А жизнь идет. Она ведь всегда идет. Это единственное, в чем можно быть уверенным. Все рушится, все меняется, а одно остается неизменным — жизнь продолжается.
Идет, и идет, и идет.
Люди заживают. Мир заживает. Груз горя не становится легче, но с ним становится проще жить. Засохшие цветы находят свое место между страниц книг с поэзией, а новые распускаются. И они прекрасны. Все — прекрасны.
— Я… да, — выдыхает Джеймс, чувствуя, как что-то внутри наконец отпускает. — Да, я хочу.
Жизнь идет, время течет, но теперь он не жертва, уносимая потоком. Он живет. Он старается не только ради других, но и ради себя.
— Замечательно, — говорит Мэри с удовлетворением. — Я еще надеялась уговорить Сириуса и Регулуса, но они отказались.
— Правда? — удивляется Джеймс.
Мэри кивает.
— Да.
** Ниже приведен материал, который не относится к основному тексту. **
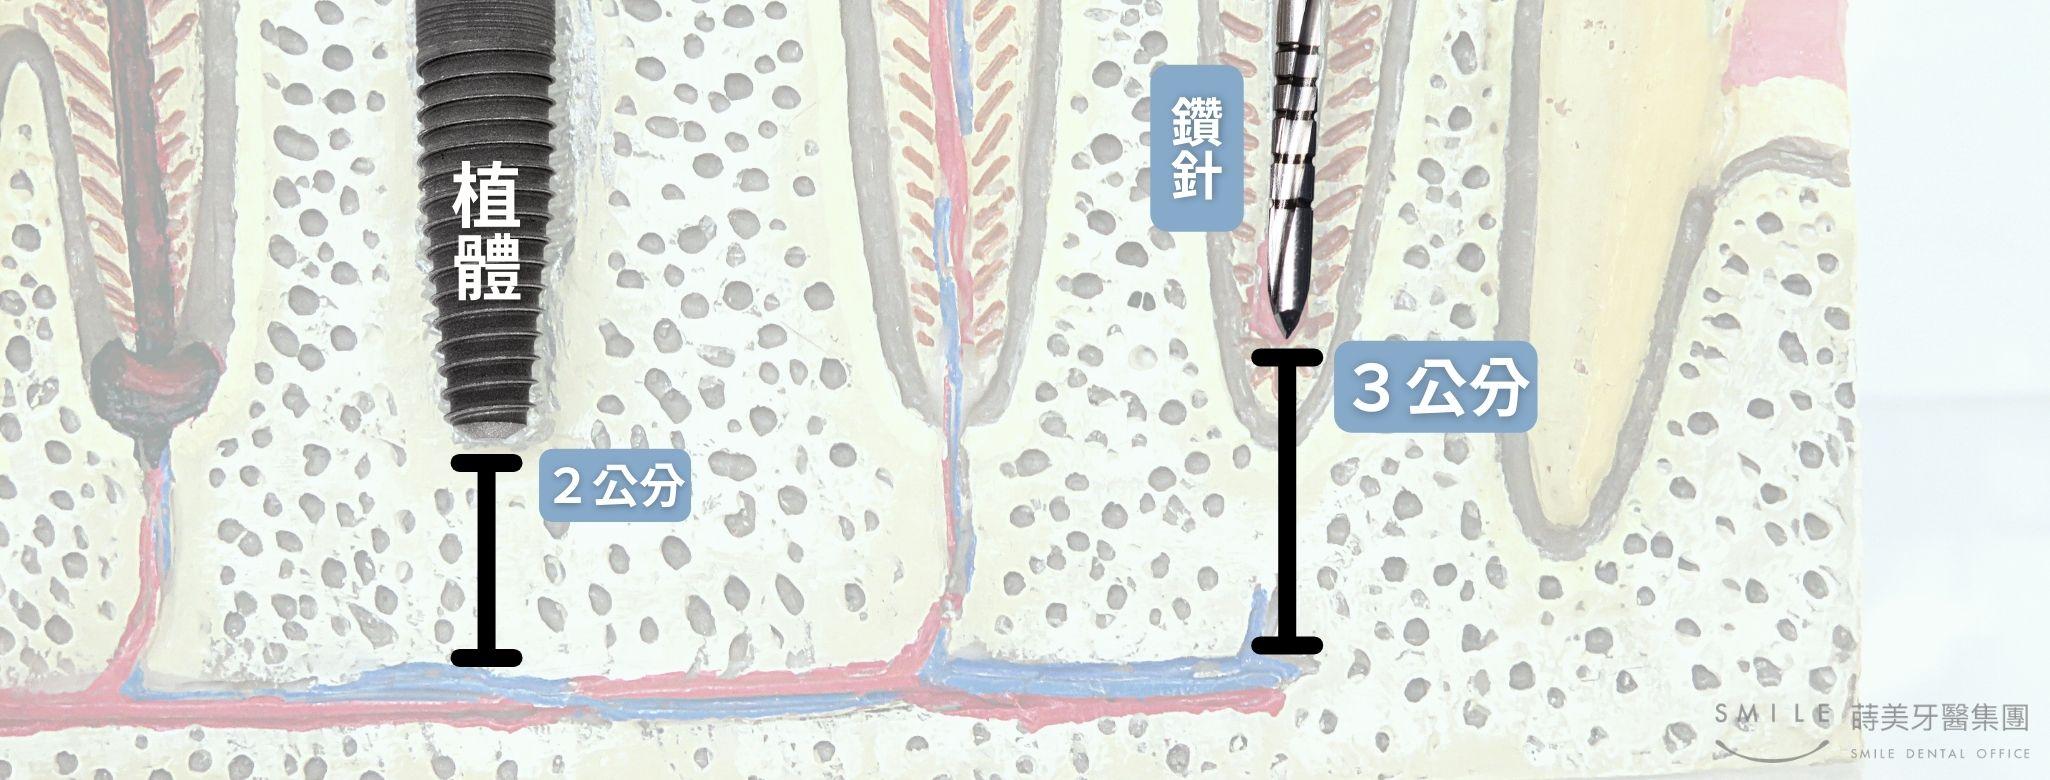 教你看懂X光片 (3)

Видимо, у них другие планы. Не говорили? Странно, ведут себя загадочно, даже Лили с Римусом ничего не знают.
— Регулус молчит, — пожимает плечами Джеймс. — Может, что-то семейное?
— Возможно. У братьев бывают секреты.
— Мм. Как там Бинг-Бинг?
— Он… — Мэри вздыхает. — Да, ему лучше. Но идее возвращения в школу не слишком рад. Наорал на меня, что не хочет туда идти, если половины его друзей там больше не будет.
Джеймс морщится.
— Черт.
— Впервые Лили его отчитала, — шепчет Мэри, бросив короткий взгляд на Джеймса. — Не потому, что он не имел права так себя чувствовать, а из-за того, как он говорил со мной. Обычно она не вмешивается, ты же знаешь, но тот день… был тяжелым для меня. И вообще, все это, — она делает жест в сторону школы, — все это дается мне нелегко. Лили знает, вот и… стала чуть строже. Уверена, у него сердце тогда разлетелось в дребезги.
Ох, черт, думает Джеймс, но вслух ничего не говорит. Слишком запутанная семейная ситуация, у них своя, особенная. Лили и Мэри, по сути, растят Бингли, и, конечно, это непросто.
— Тебе это было неприятно? — спрашивает он.
— И да и нет, — признается Мэри. — Сложно. Я его сестра, понимаешь? У меня в крови защищать его, не позволять никому его ругать, если не имеет права. Но Лили… ну, Джеймс, она же готовит ему, заботится, укладывает спать вместе со мной. Все перемешалось. Границы стерлись. И Лили говорит, что это правда. Он ведь вроде не наш ребенок… а вроде и наш.
— Нелегко, наверное, удержать равновесие, — мягко замечает Джеймс.
— Очень. Но мы стараемся. Вместе. Он ведь подросток. А ты помнишь, каково быть подростком.
— Еще бы. Пубертат делает нас своими рабами. Он сейчас как, в порядке?
— В целом да. Он извинился передо мной, потом несколько дней игнорировал Лили, что, думаю, разбило ей сердце, а потом извинился и перед ней. Все еще боится возвращаться в школу. И я не могу его винить. И не могу этот страх убрать, — она тяжело вздыхает. — Но зная, что ты там будешь… это может помочь. Так что спасибо, Джеймс. Правда.
— Тебе не нужно меня благодарить, Мэри, — тихо говорит он, протягивая руку. Она сжимает его ладонь в ответ и улыбается. Джеймсу становится тепло, помогать ей, помогать Бингли, помогать школе. Он помнит, как они помогали ему после первой арены. И хорошо знать, что теперь может вернуть им это.
После короткой паузы Мэри, уже в другом тоне, замечает:
— А ты не думаешь, что Сириус с Регулусом, может быть, замышляют мировое господство или что-то в этом духе?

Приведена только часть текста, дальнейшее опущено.